“This was people smuggling. A lot of it was people smuggling. You had children there without their parents. You had the breach of our immigration laws where everybody gave the same address and the address doesn’t exist. How do we deal with these things so these are the facts surrounding it,” he said when asked by News-Talk Radio Guyana 103.1 FM/ Demerara Waves Online News.
Asked whether visa restrictions were being considered for Haitians, Dr. Ali said, “we have not been discussing that”. He said investigations were ongoing by the police.
And Home Affairs Minister, Robeson Benn denied suggestions in some quarters that Haitians were being targeted by the Guyana government in contrast to the less than aggressive approach to Brazilians and Venezuelans. “We are taking actions against all those who have entered the country illegally and the proper action too. We are taking actions against those who are clearly the victims of people smuggling and unfortunately it appears only to do with Haitians given the current situation, but it is clear that the movement is not regular and we are dealing with the problem, we are dealing with the issue,” Mr. Benn said.
At least 23 Haitians, who were arrested by police on November 7, 2020 shortly after they had arrived in Guyana have since challenged the constitutionality of their continued detention. That cases comes up in the High Court this week.
The Home Affairs Minister said he could not immediately recall the status of eight Dominican Republic nationals, one Cuban and 15 Venezuelans. who allegedly overstayed their time in Guyana and were arrested from a well-known strip club, Baroombar International.
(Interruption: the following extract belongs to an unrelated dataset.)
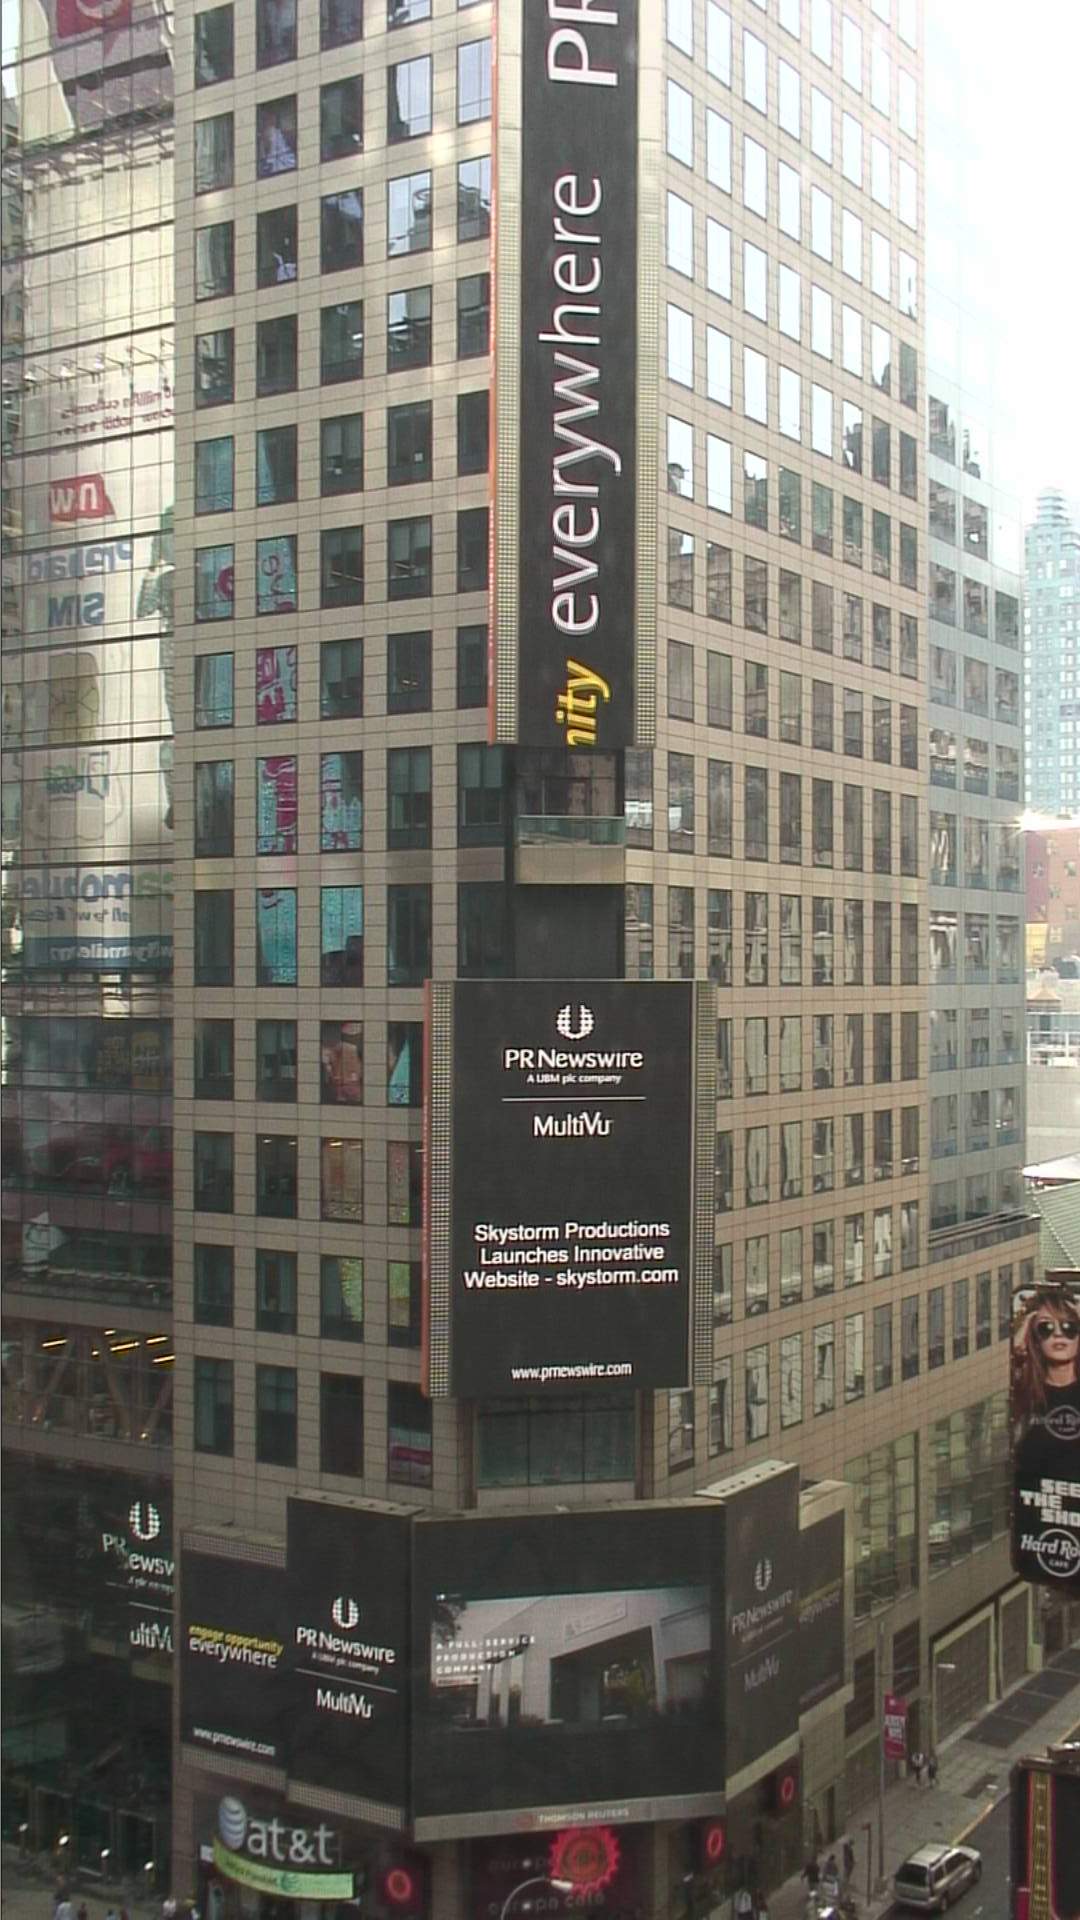 Our Press Release Hits Times Square, NY!

Twenty days after they had been held, the Home Affairs Ministry on November 13 had said that the women had been released on station bail.
While in opposition between 2015 and 2020, the then People’s Progressive Party Civic (PPPC) had often raised concerns at the parliamentary level about the number of Haitians and Cubans who had been arriving here and no one had known their whereabouts.
In August 2018, then Minister of Immigration, Winston Felix had said records had shown that 8,476 Haitians had arrived here and 1,170 later departed from several illegal crossings in the Rupununi. Brazil’s immigration records show that 6,925 Haitians arrived in that country and, except for 129, the majority left. Appearing before a bipartisan parliamentary committee o foreign relations under the then chairmanship of the PPPC’s Gail Teixeira, Mr. Felix had said that during 2017 and 2018- 3,515 Haitians arrived and 291 left legally in 2017 and between January and April of this year only 85 of the 1,238 officially departed, bringing to a total of 4,377 for all of last year and 2018 so far.